1.  The woman in front of me ordered a chopped salad (which looked good, by the way, and I was intrigued by the cutting-edge methodology that the "sandwich artist" used to chop the veggies), and the guy who checked her out (an assistant manager, I believe) asked her if she wanted chips with her salad.  Is this a thing?  I have never - NOT ONCE - gone into a restaurant and ordered a side of fries to go with my salad.  Burger and fries?  Yes.  Salad and a side veggie?  Yes.  Burger and side veggie?  Yes.  Salad and fries?  NO.

Yeah, yeah, I know that fries are technically a "side veggie."  I'm talking creamed spinach or squash casserole here.

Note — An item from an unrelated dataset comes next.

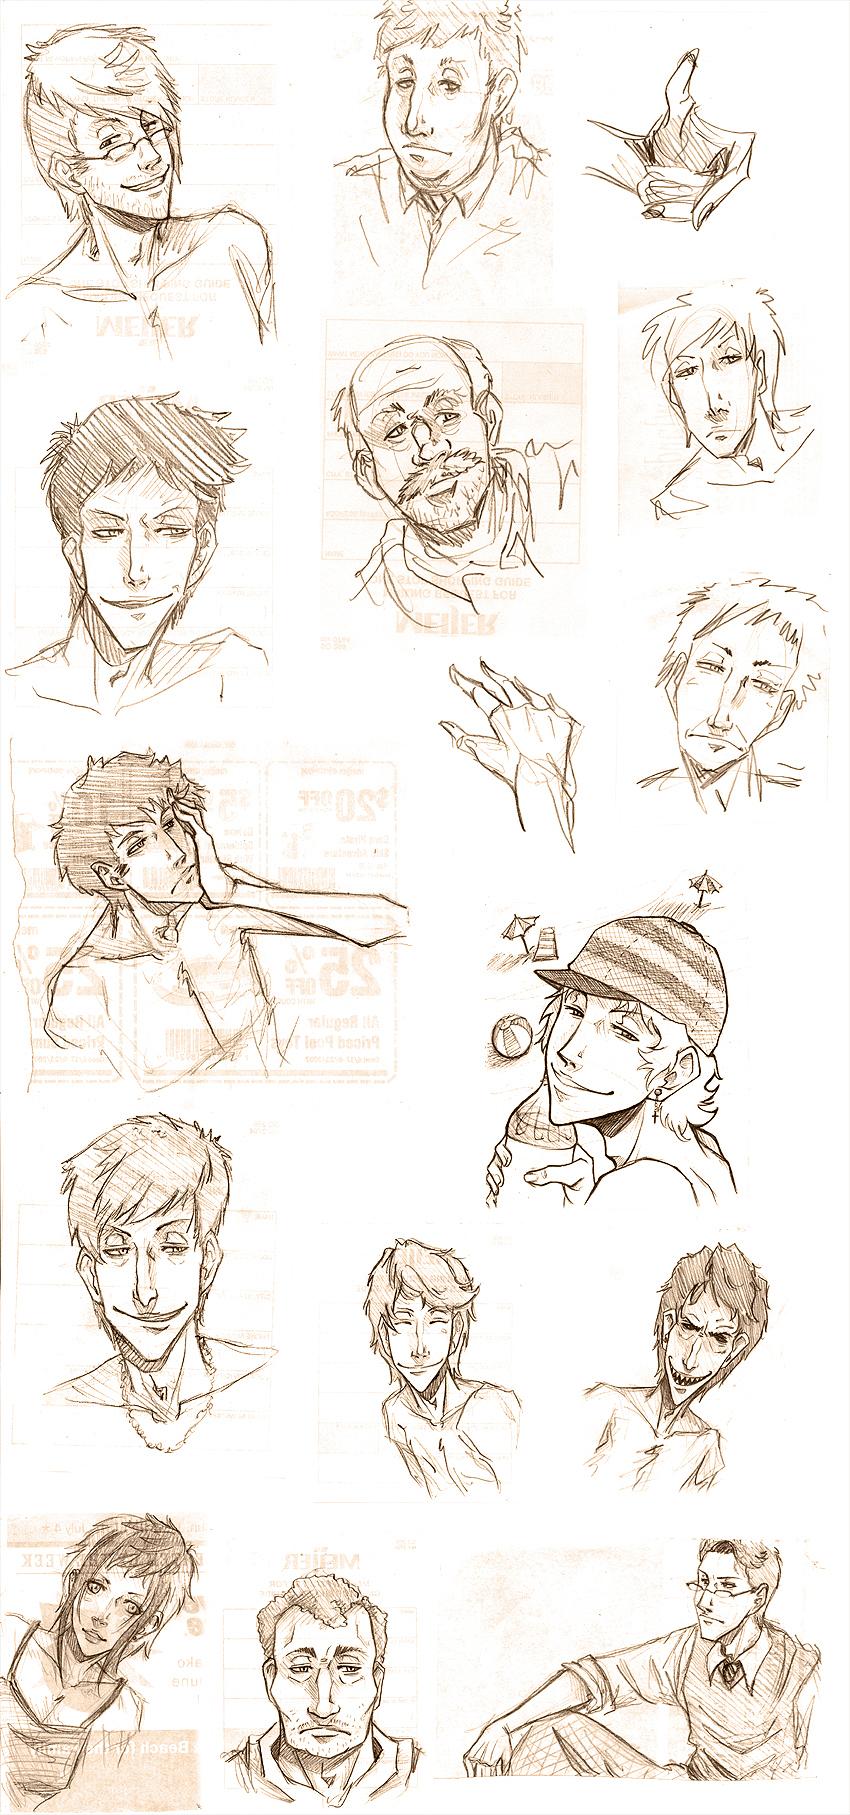 - Sketch Dumpage - by coreymill

2.  When I informed the same assistant manager that I was having the "Fresh Value Meal," he asked me what kind of sub I was having.  For those who aren't familiar (and I would like to think that a Subway assistant manager should not be among you unfamiliar types), the Fresh Value Meal features a different type of sub every day, AND YOU HAVE TO PURCHASE THAT SUB TO GET THE MEAL DEAL.  So, since Monday is turkey/ham, saying that you are purchasing the Fresh Value Meal on a Monday IS TANTAMOUNT TO SAYING TURKEY/HAM WITHOUT ACTUALLY SAYING TURKEY/HAM.  I really fought the urge to explain this to him, and also point out the earlier weirdness of offering chips as a side to a salad.

My coworker said I should have answered him, "The Thursday one."


Yes, it was one of the "weird tomato fetish" coworkers.


I wish I thought faster on my feet when Subway personnel pose stupid questions.


Given the existence of the chopped salad on the Subway menu, do we still call them "sandwich artists"?  Is salad artistry an entirely different field than sandwich artistry, requiring you to go back to Subway school for dual certification?